L’expression d’Espace dynamique, titre d’une exposition à la Galerie Denyse Delrue en 1960, et le terme-thème de « topologie » propre à l’argumentation de Molinari deviennent alors des mots-clés. Molinari développe ses bandes parallèles. Chez Claude Tousignant apparaît le motif des cercles concentriques et, plus tard, des cibles à l’effet hypnotique. Créant un punctum, ces œuvres font de l’espace, selon les mots de Tousignant, « une pure sensation ».
« Nous voulions aussi cerner la portée de ce mouvement à l’échelle internationale, ajoute Michel Martin. Par des documents d’archives, l’exposition rend compte des multiples expositions des post-Plasticiens montréalais à New York à la fin des années 1950 et au début des années 1960. »
Le tandem Molinari- Tousignant participe en 1965 à The Responsive Eye qui consacre la déferlante internationale du op art au MoMA de New York. En dehors de cette lecture op, les tableaux d’alors de Tousignant ou Molinari, avec leurs couleurs vives et acidulées, sont également assimilés à tort à une version pop du géométrisme abstrait. Or, plus que l’effet rétinien et vibratoire, comme l’indiquaient déjà leurs propos de 1959 dans le catalogue de L’Art abstrait, leurs tableaux sollicitent « l’expérience active du spectateur ».
Avec un accrochage dense, une vingtaine de peintures de Guido Molinari et autant de Claude Tousignant mobilisent les perceptions du visiteur. À leur suite, Gaucher et Gagnon adoptent, selon Nasgaard, un même modèle proche du minimalisme où, devant le tableau, le spectateur oscille entre fixité et mouvement, adhésion et distance.
Gaucher situe subtilement ses traits colorés sur une surface monochrome. Le regard est sensible aux interférences entre surface et traits, suivant des principes pas si éloignés des effets particuliers consécutifs au déplacement latéral et au choc provoqué par l’agencement séquentiel irrégulier des « bandes » de couleurs de Molinari. Le circuit se conclut sur trois œuvres de Gaucher de la série des gris sur gris. Accrochées dans la même salle, elles dialoguent entre elles suscitant une ambiance méditative. Ici, la forme se résume à une interaction entre les traits et un champ de couleur. Ne demeurent que les effets de série et de découpage qui remplacent la stricte disposition géométrique qui disparaît.
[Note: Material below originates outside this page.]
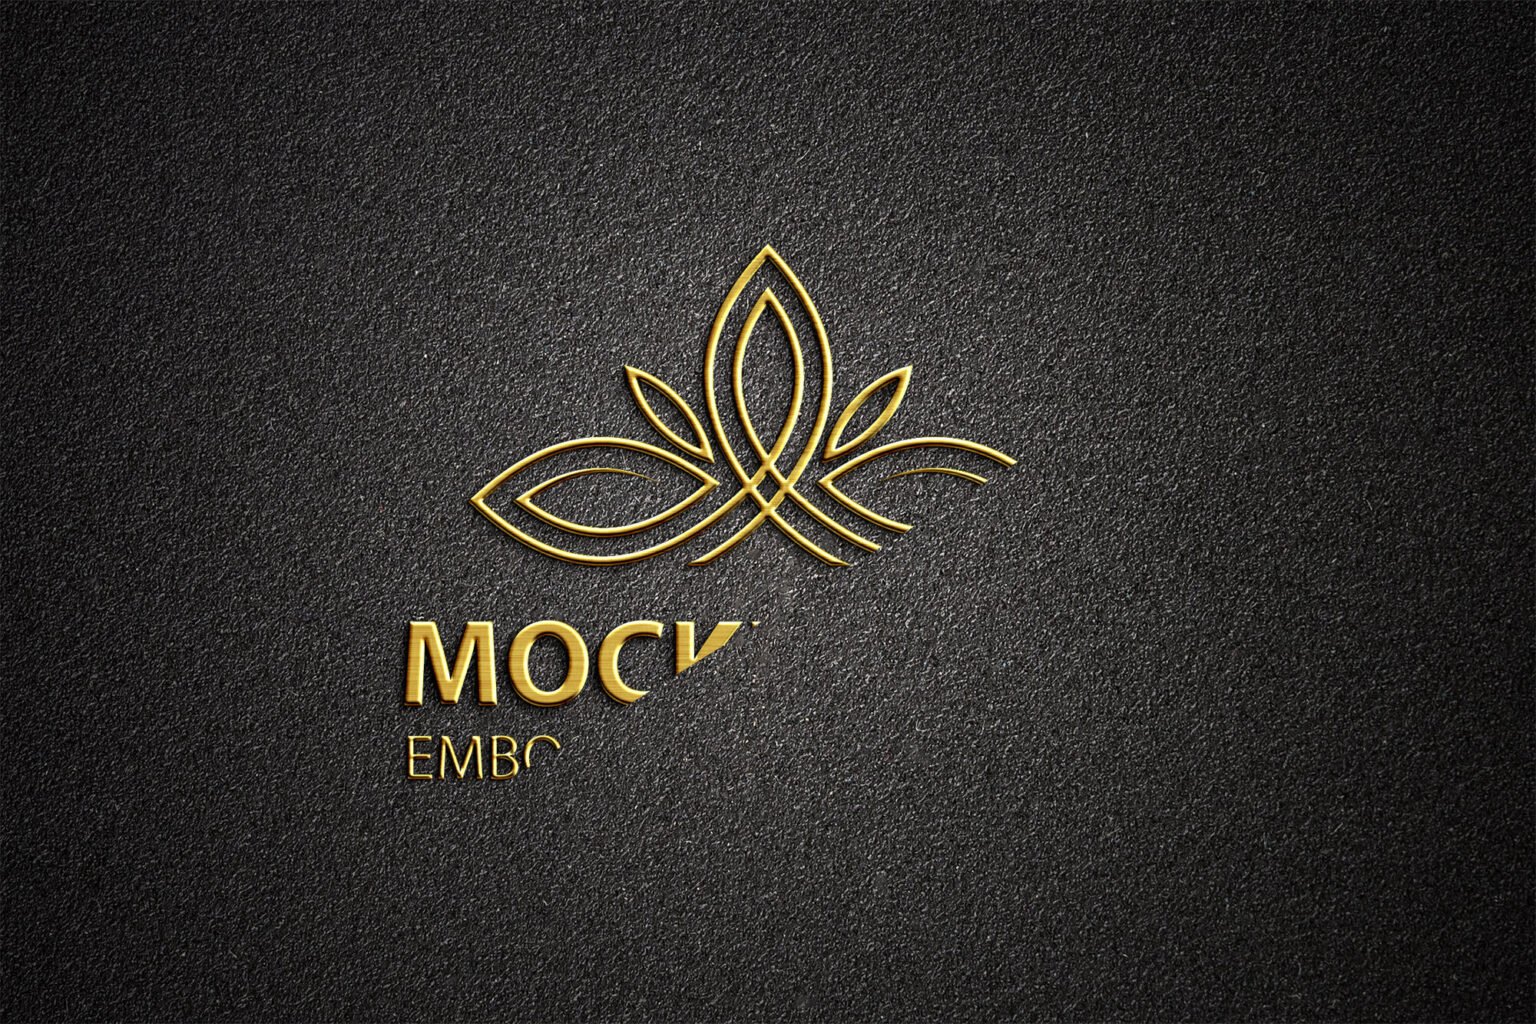 Download Embossed Logo Mockup Free PSD Template - Mockup Den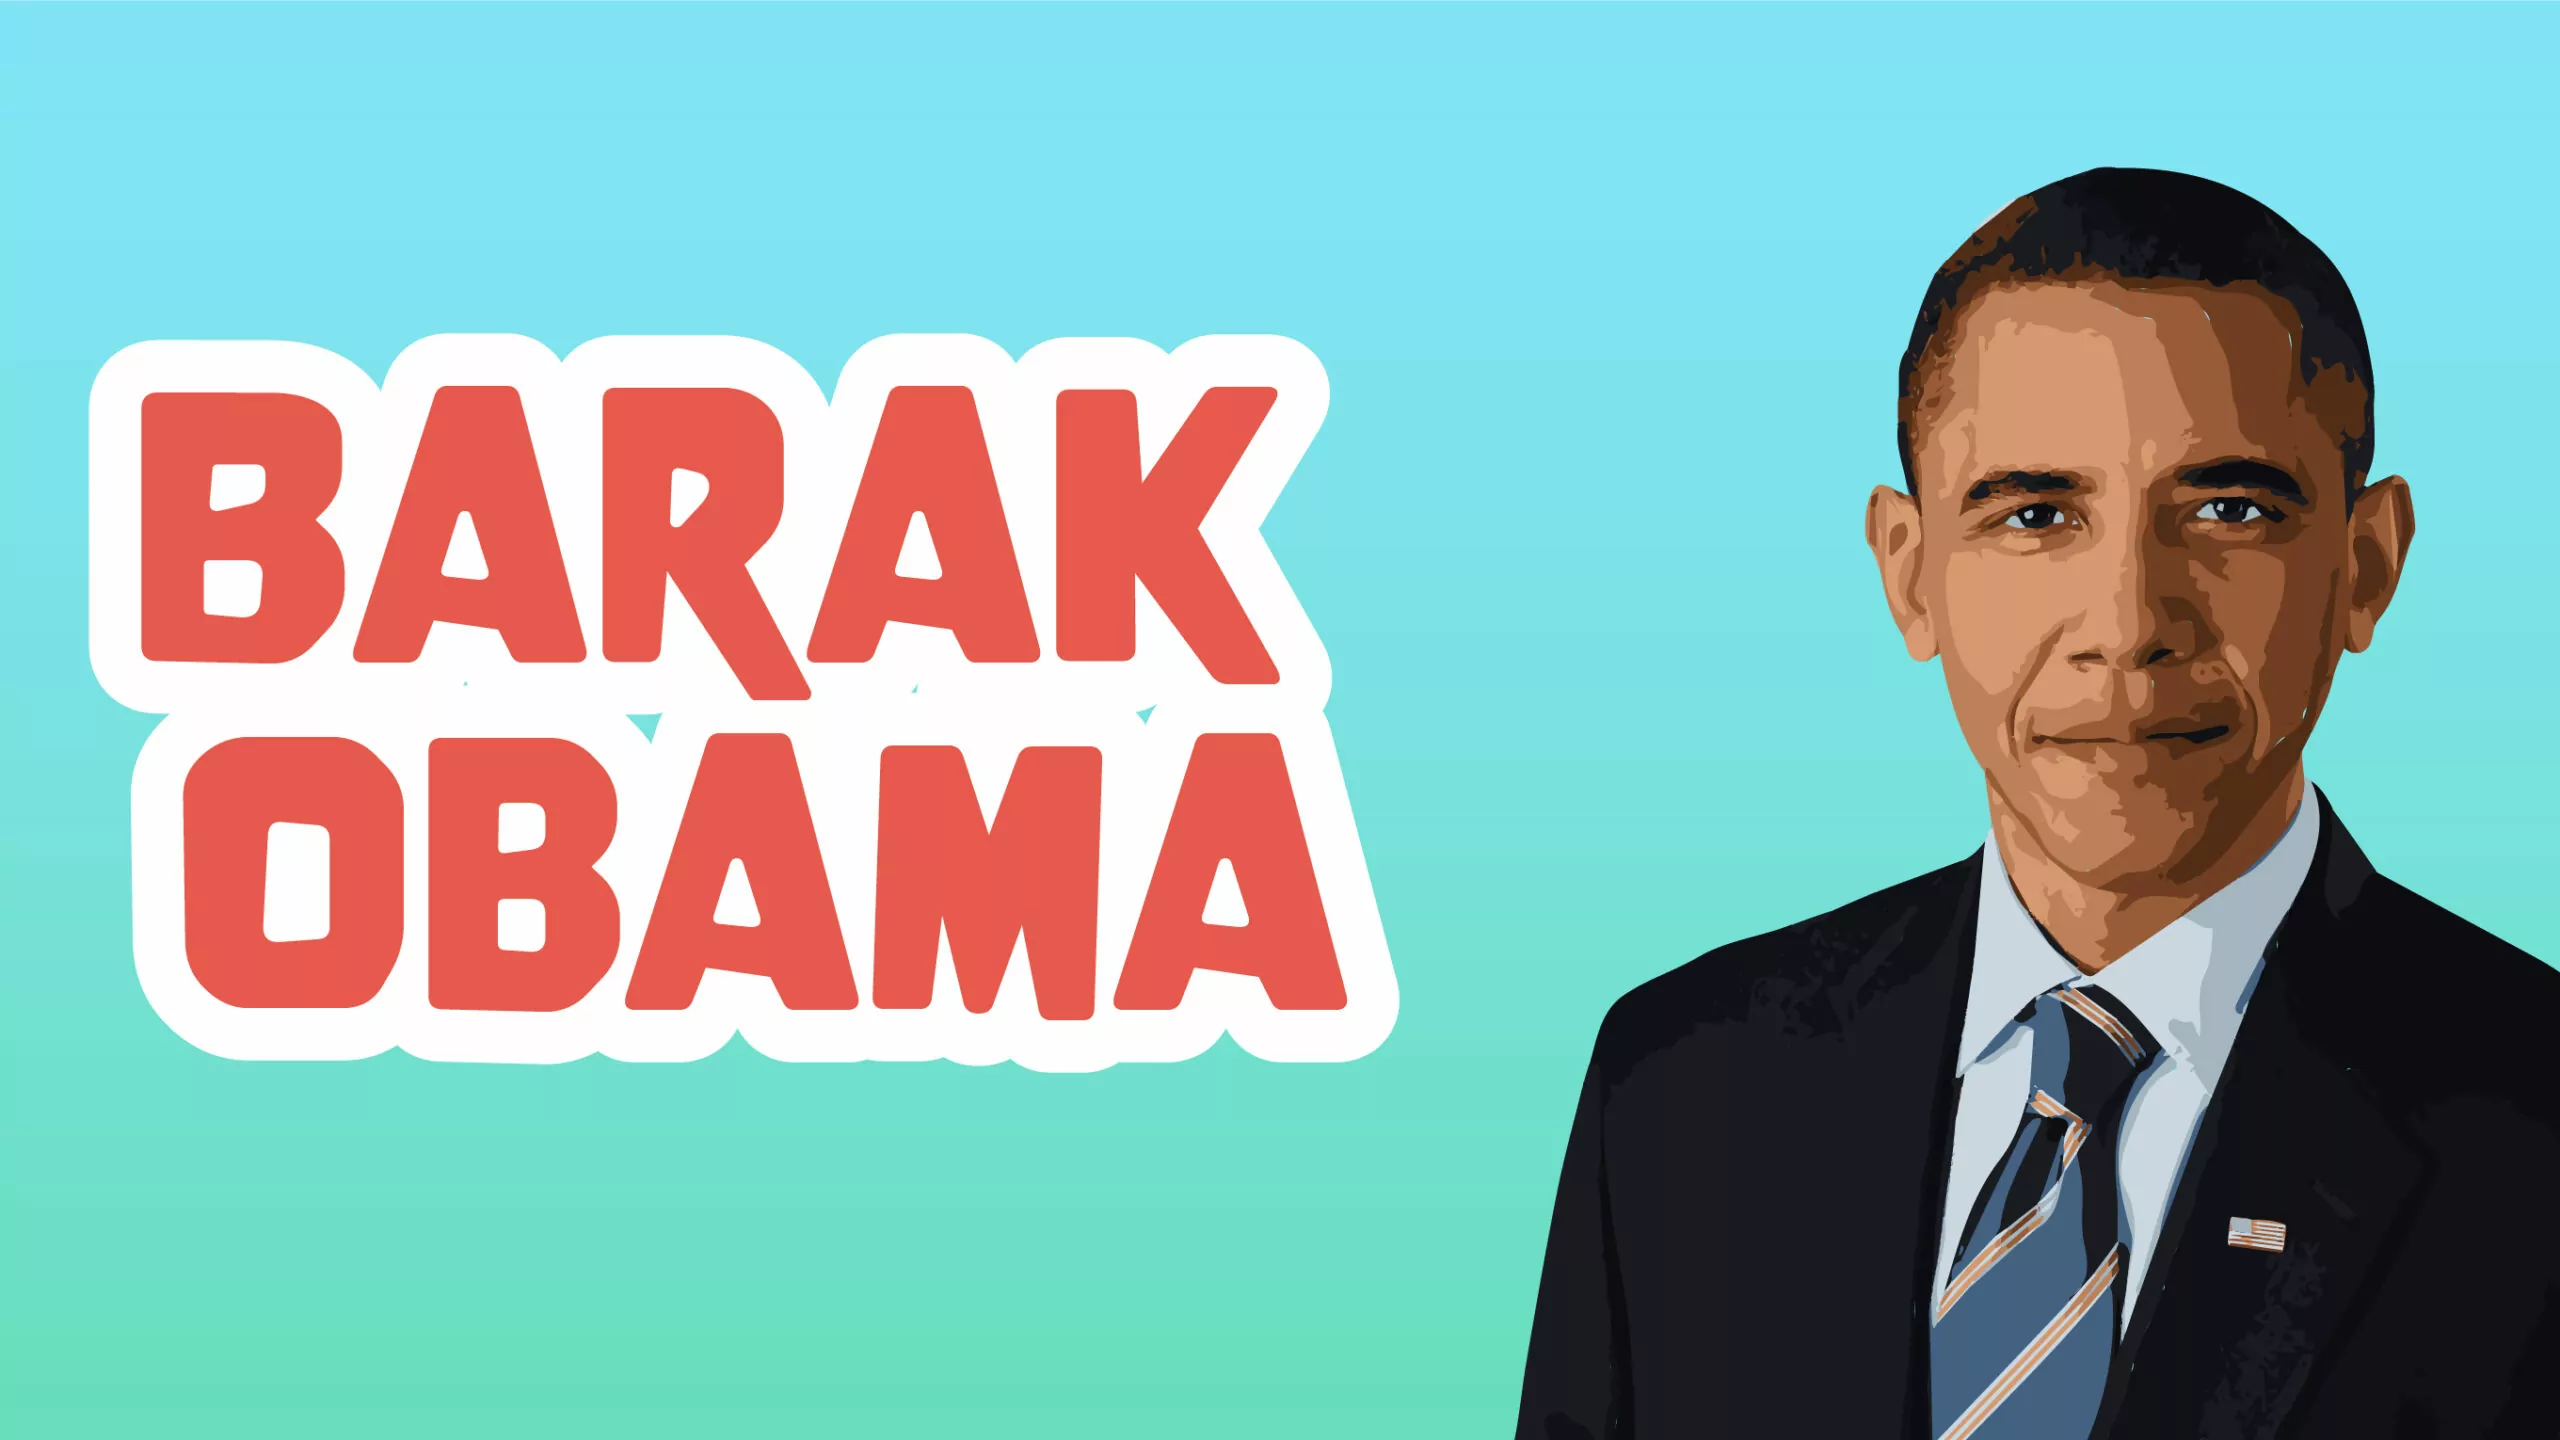 Barack Obama Facts for Kids – 5 Brilliant Facts about Barack Obama

« Charles Gagnon attache moins d’importance à la couleur, mais ses peintures participent des mêmes collusions d’expériences visuelles que les post-Plasticiens », analyse Nasgaard. Il est vrai que les œuvres de Gagnon des années 1965-1968 qui sont exposées peuvent se rapprocher du hard edge. Reste qu’au sein de ce quatuor, Charles Gagnon joue un peu le trouble-fête. Trois de ses œuvres, datant des années 1962-1965, contestent bel et bien la rigidité du formalisme de Molinari, Tousignant et Gaucher. Il prend la liberté de faire s’y côtoyer, avec certains canons du hard edge, les tracés impulsifs de l’expressionnisme abstrait. Chez lui, les anciens tabous face à l’automatisme, si vilipendés auparavant dans le Manifeste des Plasticiens, sont joyeusement enfoncés. La boucle est bouclée. Le refoulé ressurgit.